Предчувствие непоправимой беды сдавило Марии горло, как стальной петлей.
- Ребята, - обратилась она к детям прерывающимся голосом. – Тут с вами девочка была… в серой шубке, синем шарфике… вы видели, куда она пошла?
Ребятишки хмуро и настороженно смотрели на незнакомую тетю.
- Вы Полю, что ли, ищете? – спросил один шустрый мальчик.
- Да, да! – вскричала Мария. – Поля ее зовут… Где она?
- Так ее какая-то тетя увела, - сказал мальчик деловито, но, взглянув на мгновенно исказившееся лицо Марии, тут же сам изменился в лице.
- Мы думали, это ее мама… - растерянно пояснил мальчик.
- Куда они пошли?! – отчаянно закричала Мария безумным голосом.
- Вот по этой улице… кажется…
Мария, не помня себя от ужаса, бросилась в направлении указанной ей улицы. Проваливаясь по колено в снегу, не обращая внимания на сбившийся с головы платок, она в распахнутом пальто кинулась бежать вдоль темных стен угрюмых домов. Хлеб выпал из ее рук, покатился по снегу прочь, и тотчас его подхватил какой-то неприметный человек, попавшийся навстречу и похожий на тень; припадая к земле, он совсем по-шакальи потрусил к ближайшей подворотне, где и пропал в темноте.
Но Мария ничего не видела и ничего не замечала. Она продолжала мчаться по улице, надрывно крича дурным, срывающимся на визг голосом, в котором не оставалось уже ничего человеческого:
- Поля!..Девочка моя, где ты? Поля-а-а!!!
Глава 8. Страсть людоедки
Город Краснооктябрьск, апрель, 1942 год.
Прохор Михайлович сидел в жилой комнатушке фотомастерской и уныло смотрел в окно на серую и грязную улицу. Настроение было подавленное, да и самочувствие неважное – как всегда бывало по весне, старые болячки давали себя знать. Отвратительному его состоянию способствовала к тому же и погода – сырая, пасмурная, промозглая…
В дверь, ведущую из подвального помещения, резко и требовательно постучали. Прохор Михайлович невольно содрогнулся – его всегда охватывала дрожь, когда он слышал стук в ЭТУ дверь. Впрочем, стук в дверь наружную вызывал у него приступ настоящего ужаса, ибо он постоянно жил в тягостном ожидании, что за ним вот-вот придут.

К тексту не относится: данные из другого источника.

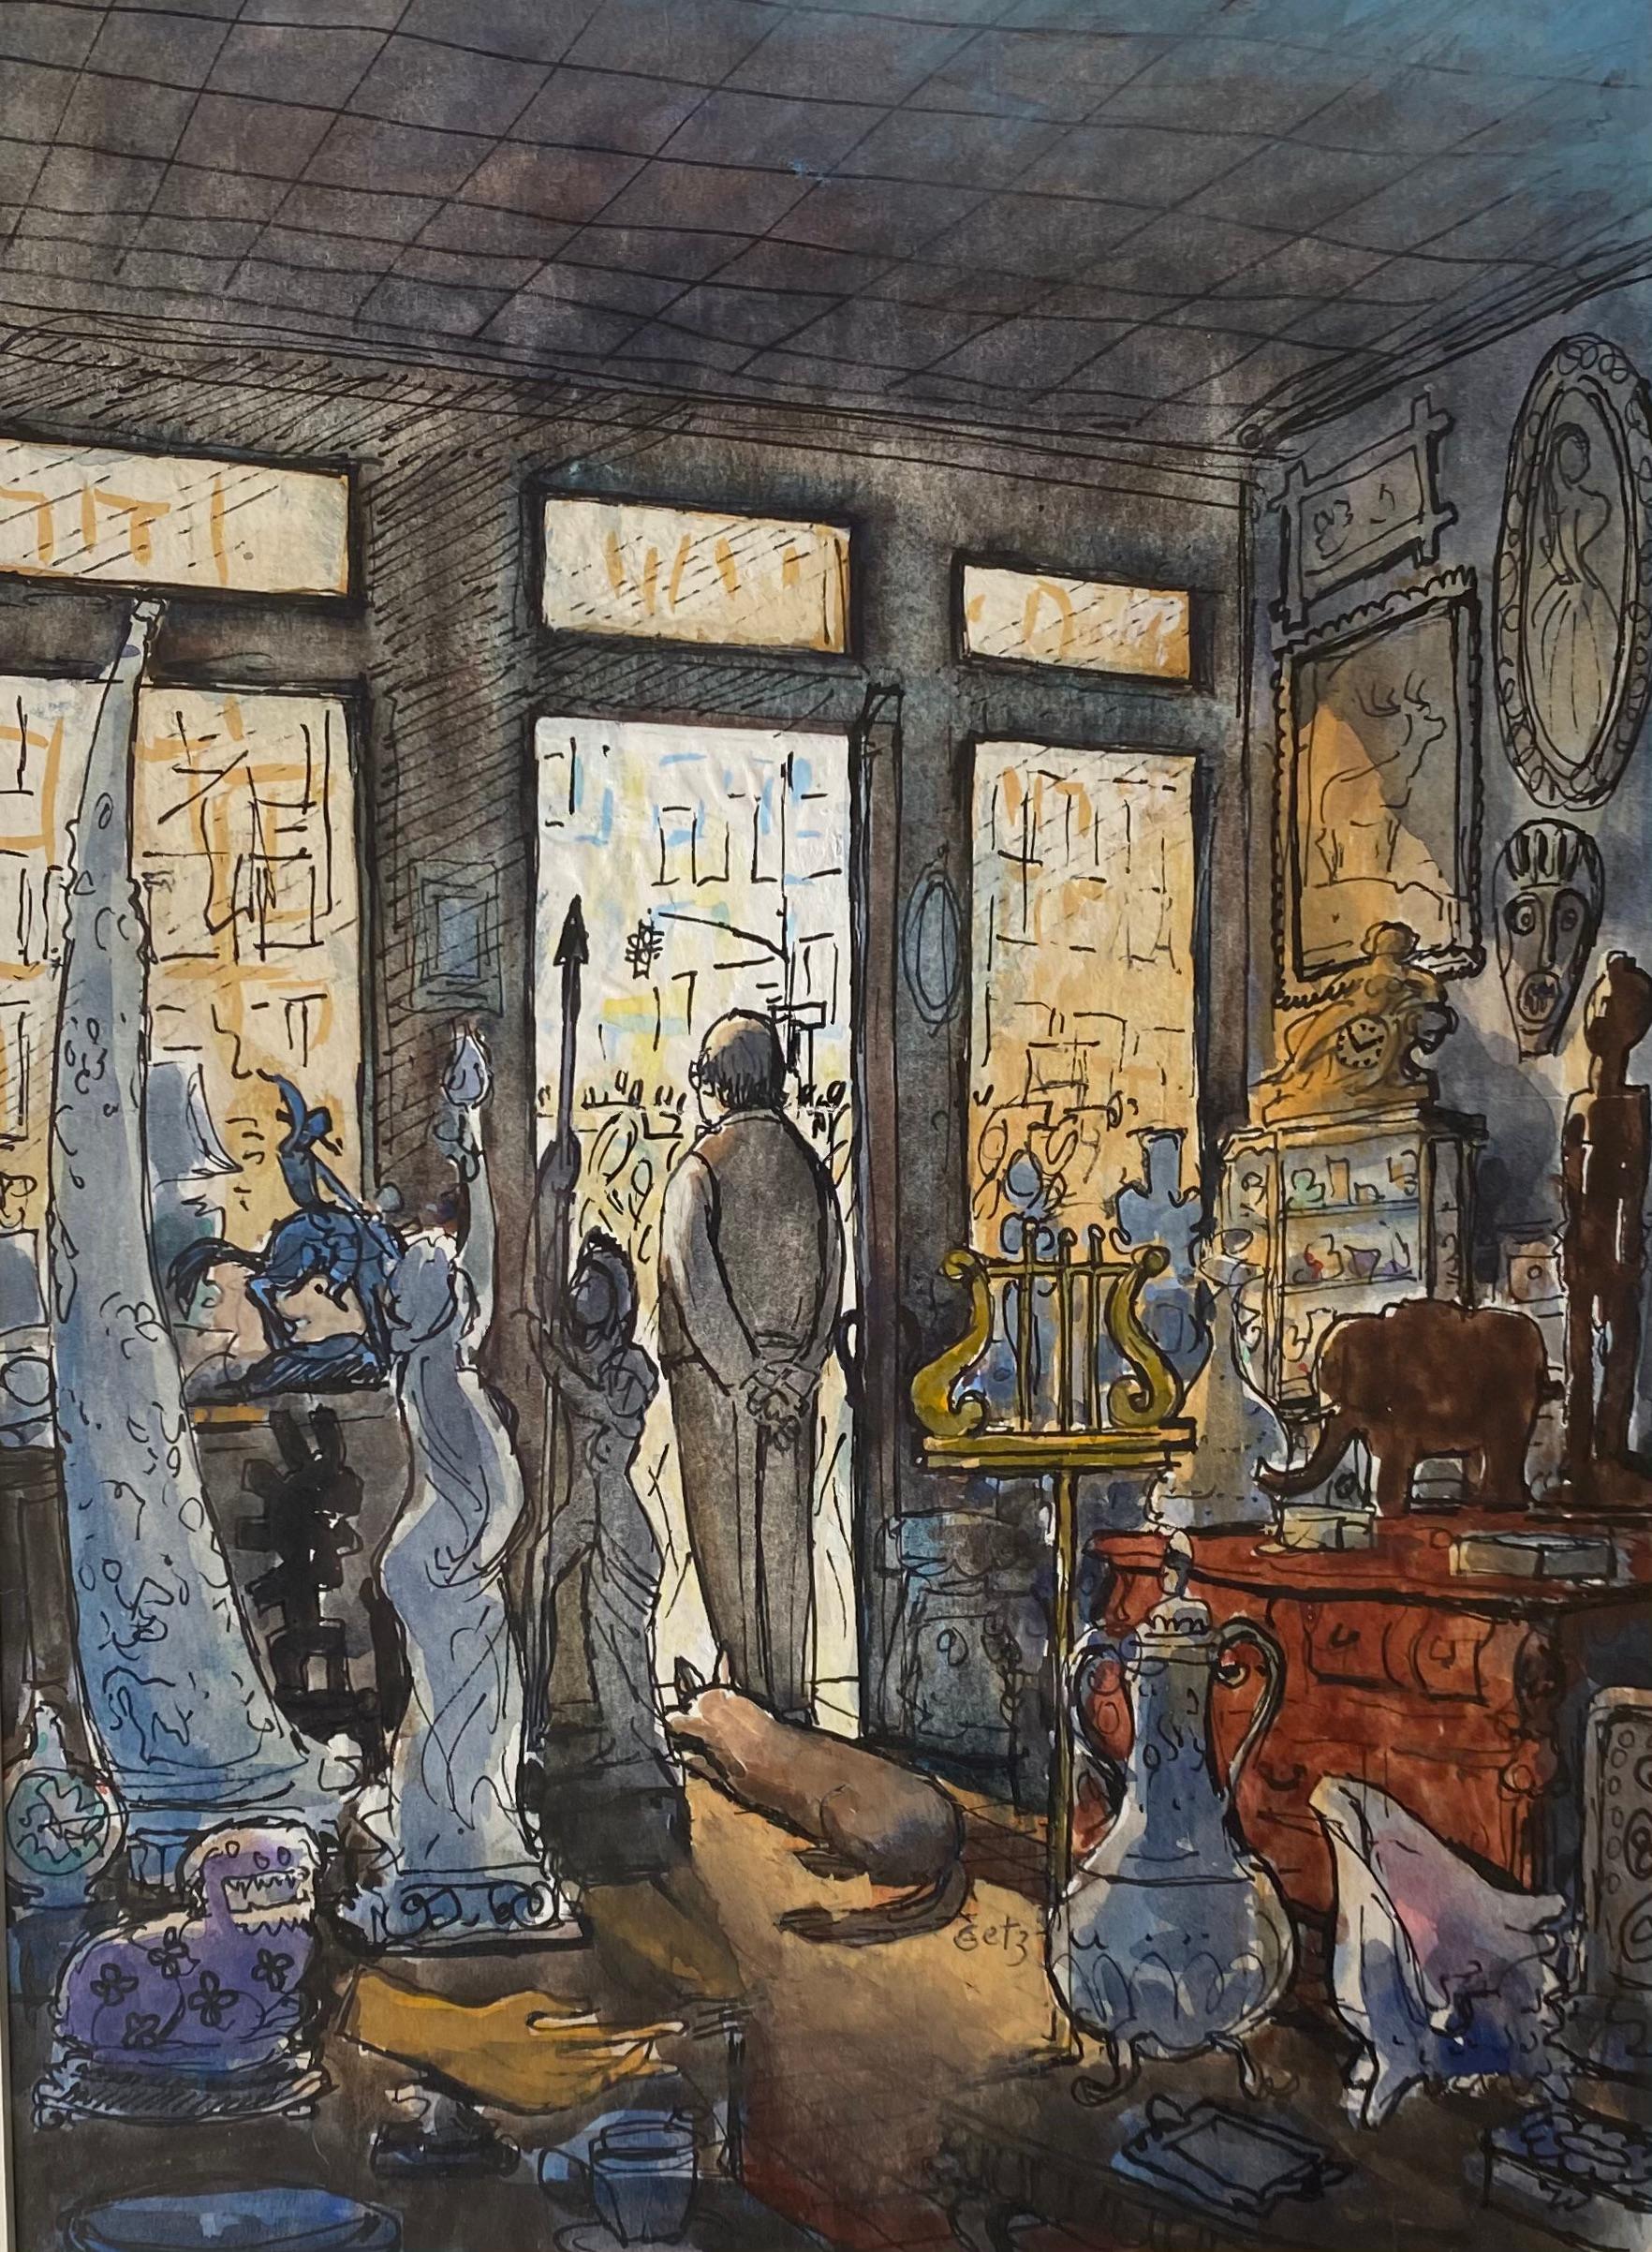 New Yorker Illustration Mid-Century Modern Realism American Scene "Antique Shop"

- Войдите… - вяло откликнулся он, хотя прекрасно знал, кто именно к нему пожаловал. В эту дверь всегда входила исключительно одна женщина… Вот только женщина ли она или какое-то иное создание, чуждое человеческой природе и обладающее лишь обличьем человека, Прохор Михайлович нередко определить с достаточной точностью не мог.

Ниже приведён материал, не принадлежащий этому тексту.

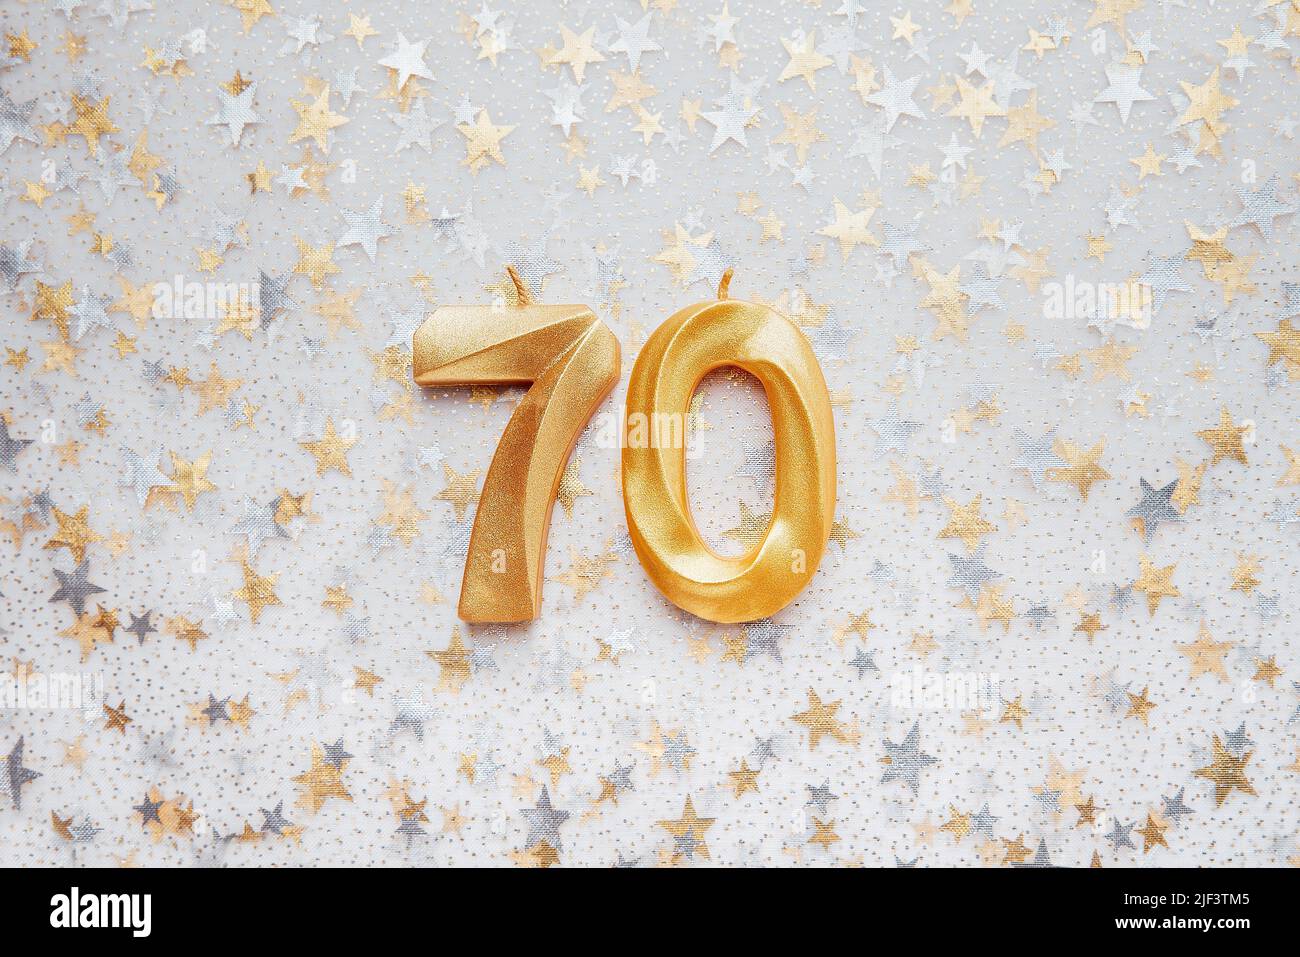 Number 70 seventy golden celebration birthday candle on Festive Background. seventy years birthday. concept of celebrating birthday, anniversary, important date, holiday Stock Photo

Дверь приоткрылась, и в комнату шагнула Августа. Прохор Михайлович отвернулся от окна и поднял на нее глаза. И как это бывало почти всегда, невольно замер при взгляде на нее – Августа всякий раз вызывала у него шок!
Ну не было на свете женщины столь же великолепной, как она!
По крайней мере, он не встречал… Она встала, выпрямившись во весь свой высоченный рост, посреди комнаты и бросила на сидевшего перед нею и собравшегося в комок соседа снисходительно-полупрезрительный взгляд. Под этим ее взглядом из-под полуопущенных век Прохор Михайлович показался самому себе каким-то жалким, слабым и ничтожным.
- Здравствуй, Прохор, - сказала Августа мягким и немного вкрадчивым голосом.
Для него этот ее голос всегда звучал прекраснее любой музыки.
- Здравствуй, Августа… - пролепетал он в ответ чуть слышно.
- Что-то выглядишь ты неважно, - заметила женщина с легкой озабоченностью. – Заболел, что ли?
- Заболел? – Прохор посмотрел на соседку со злобой, но взор его тотчас потух. – Да я уж и не упомню, когда здоровым был.
- Сам виноват, - с насмешкой сказала Августа. – Крепкий еще мужик, а разложил себя совершенно, как старая баба! Стыдно ведь должно быть… бывший царский офицер, как-никак …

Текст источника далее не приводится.